■ **EXERCISE DETAILS**
The copy should hold exactly the lines below from the one that contains "Hotel Traymore Atlantic" through the one that contains "Woman waxing leg - Stock Image" and nothing else, so no pictures.

■ **RAW DATA**
______
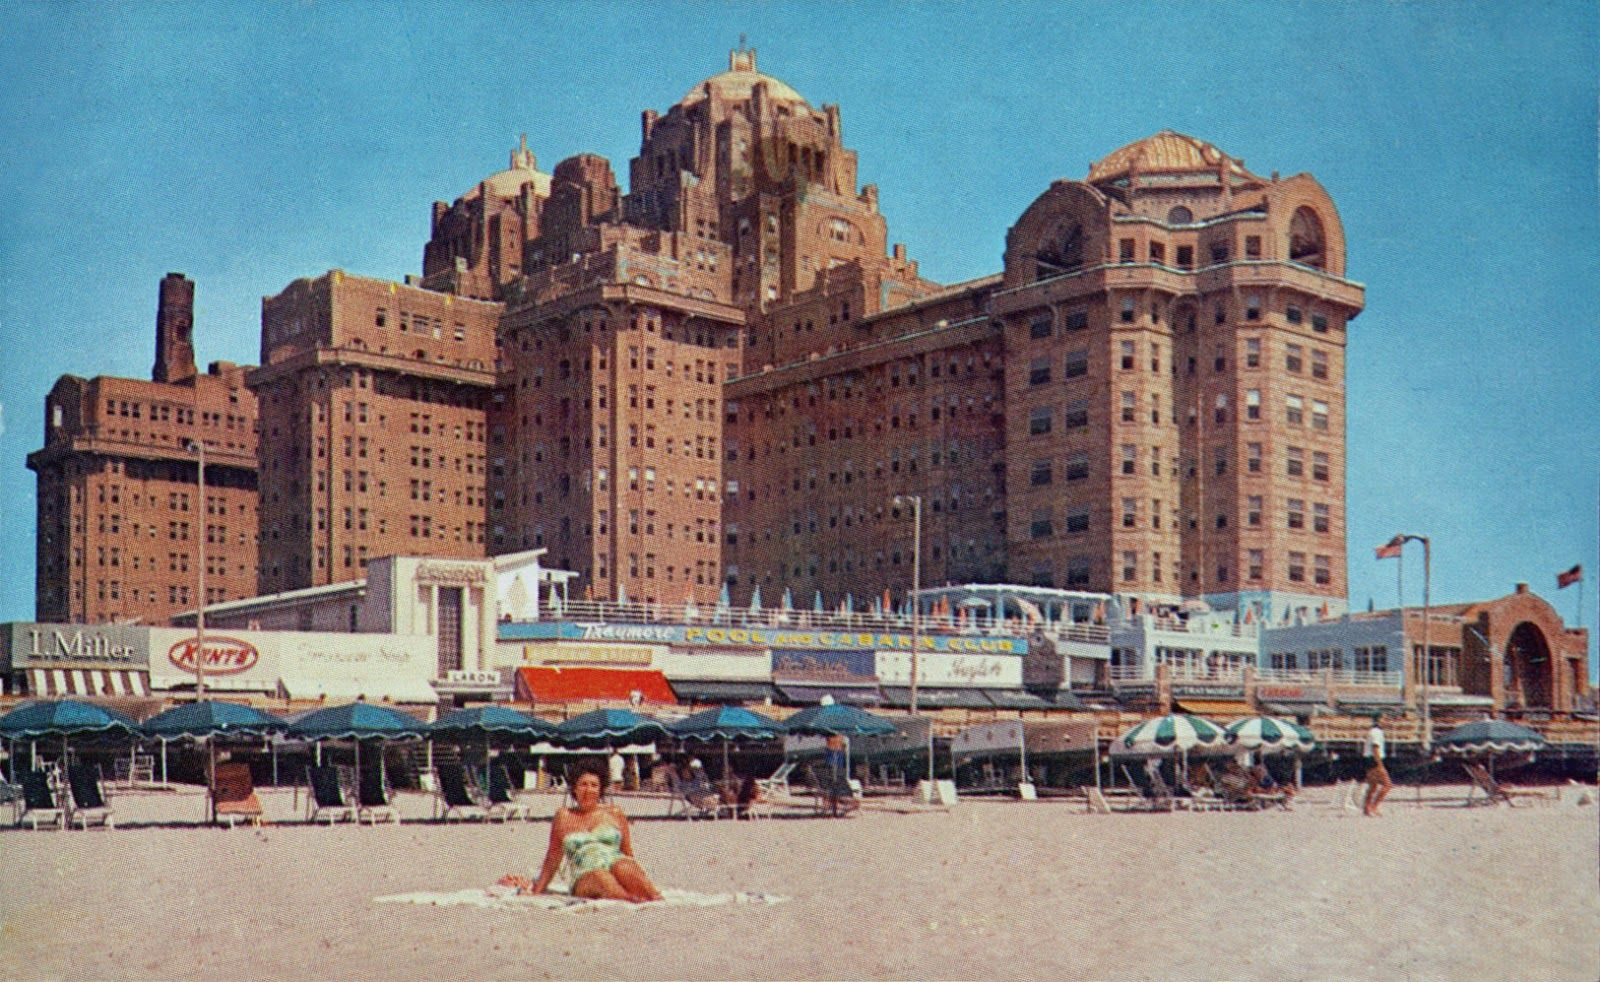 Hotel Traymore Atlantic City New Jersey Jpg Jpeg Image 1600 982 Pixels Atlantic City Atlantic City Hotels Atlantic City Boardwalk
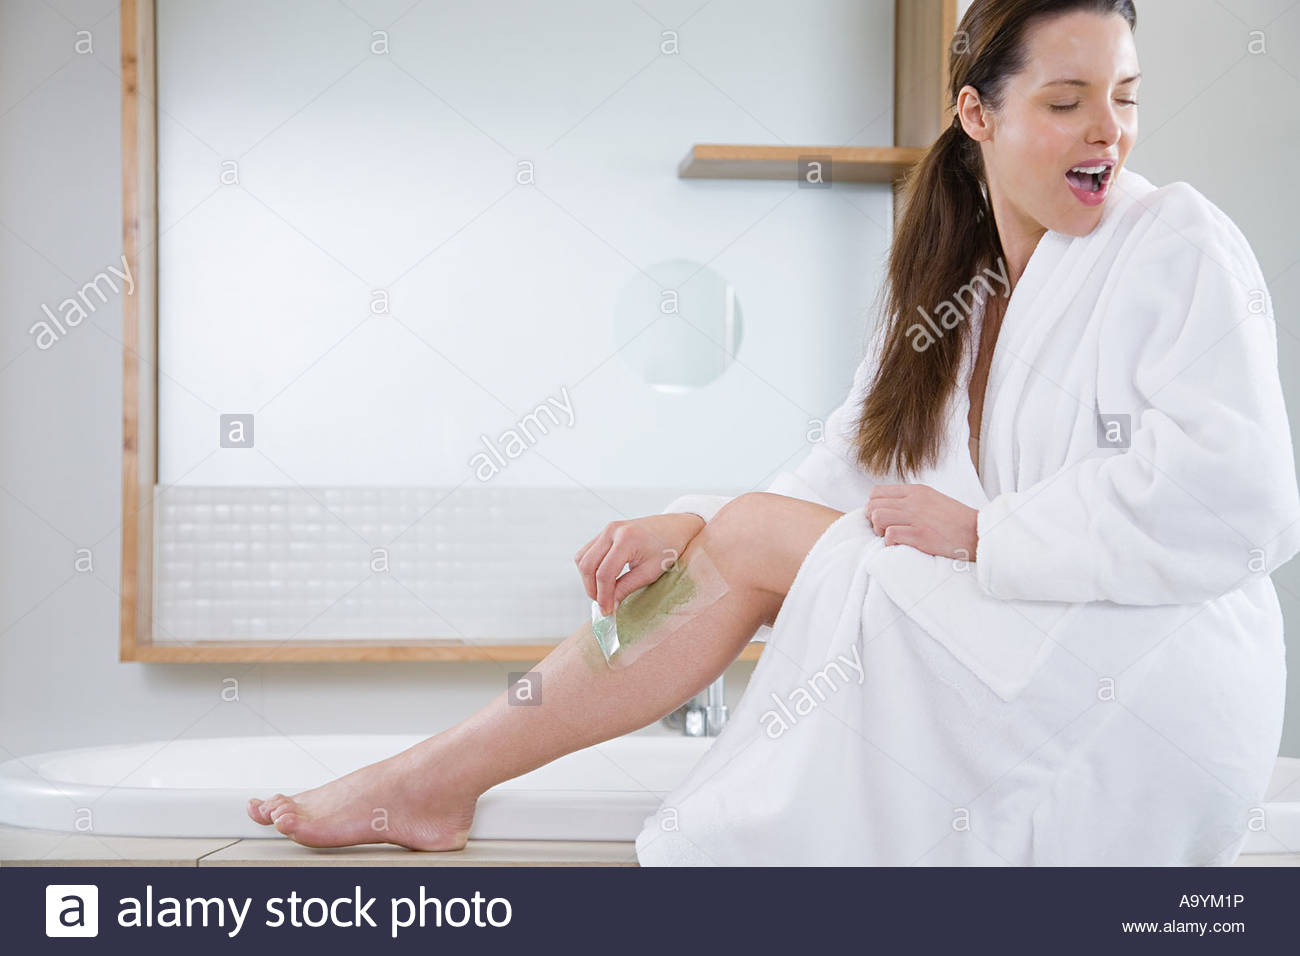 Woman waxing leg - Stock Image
______
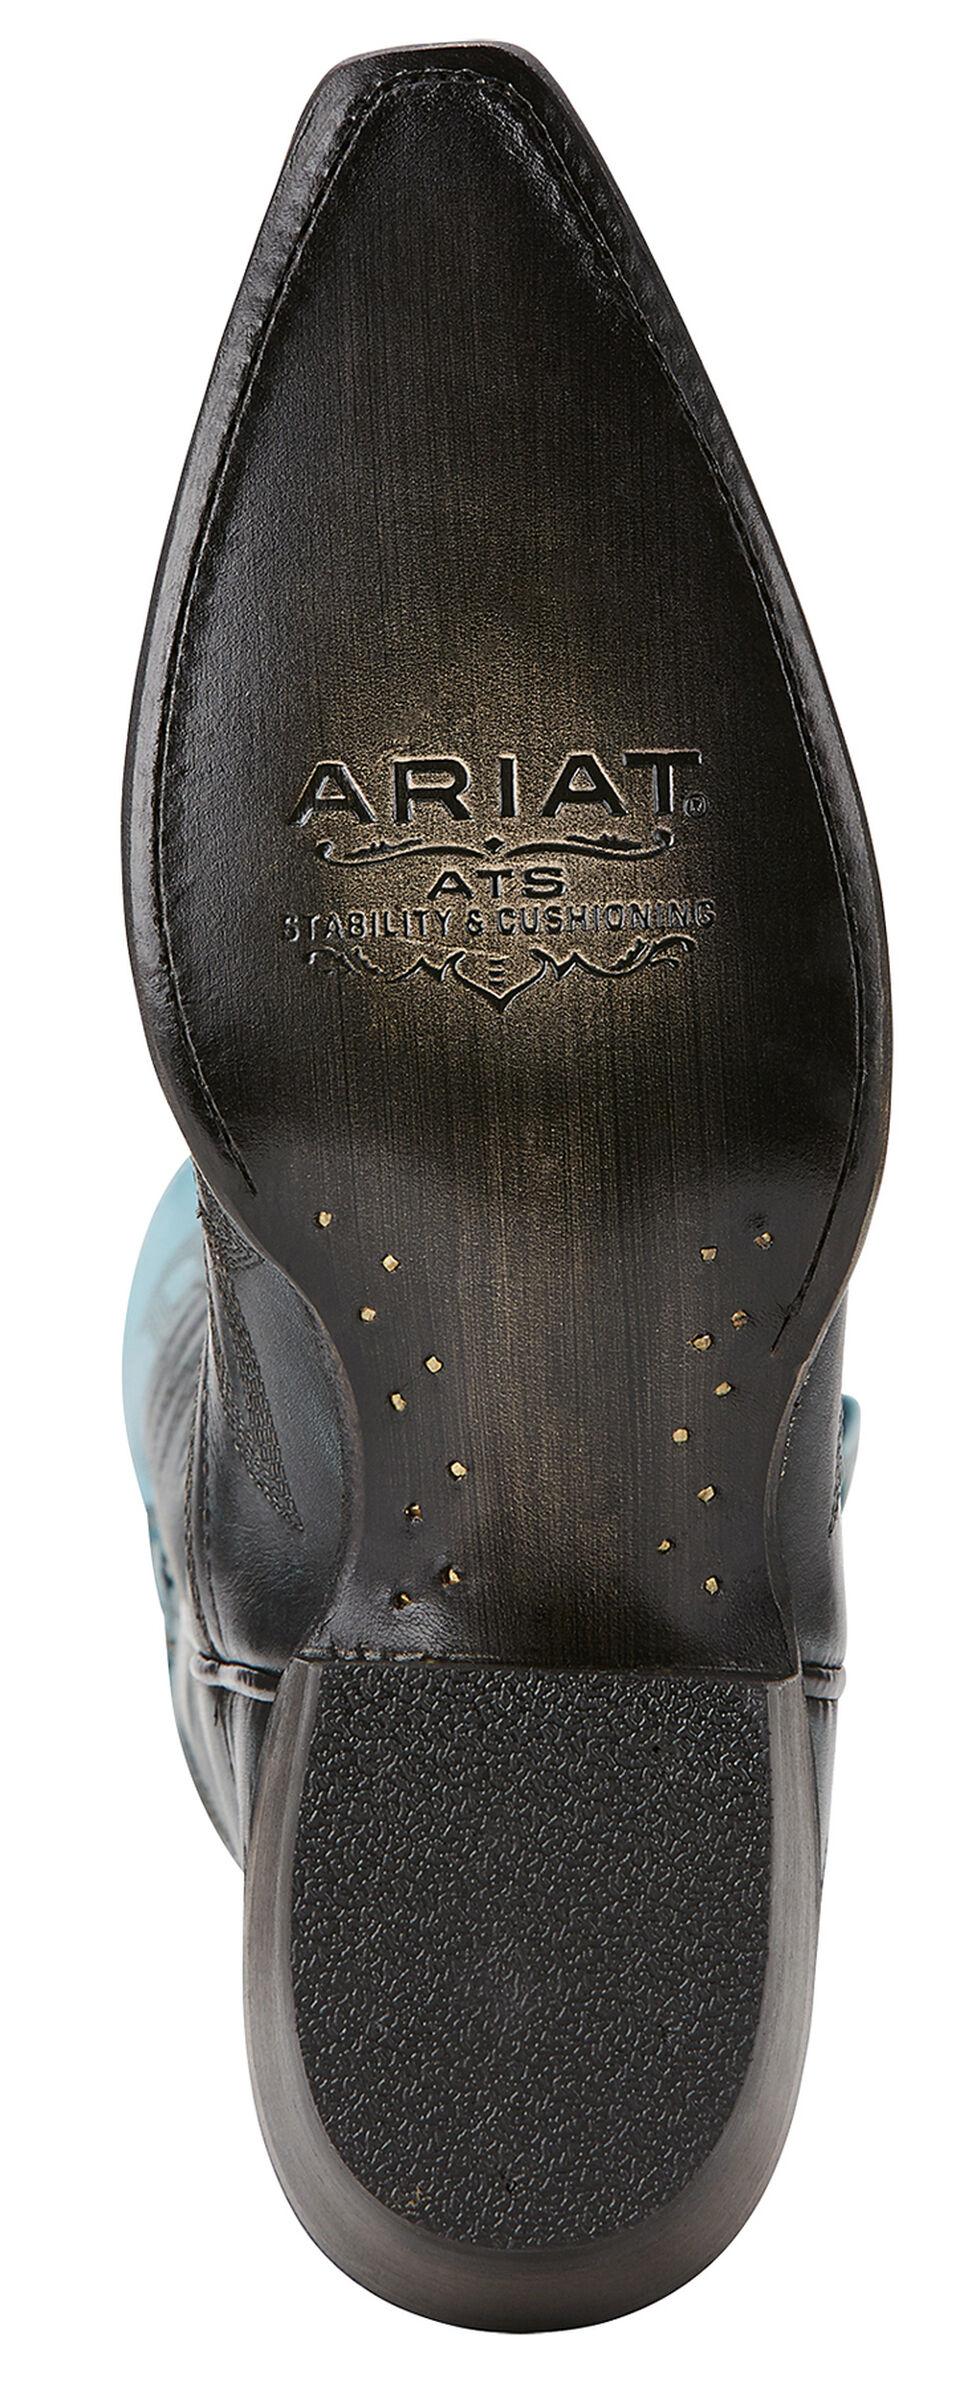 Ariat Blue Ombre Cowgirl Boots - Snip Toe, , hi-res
______
■ **OUTPUT OF THE EXERCISE**
 Hotel Traymore Atlantic City New Jersey Jpg Jpeg Image 1600 982 Pixels Atlantic City Atlantic City Hotels Atlantic City Boardwalk
 Woman waxing leg - Stock Image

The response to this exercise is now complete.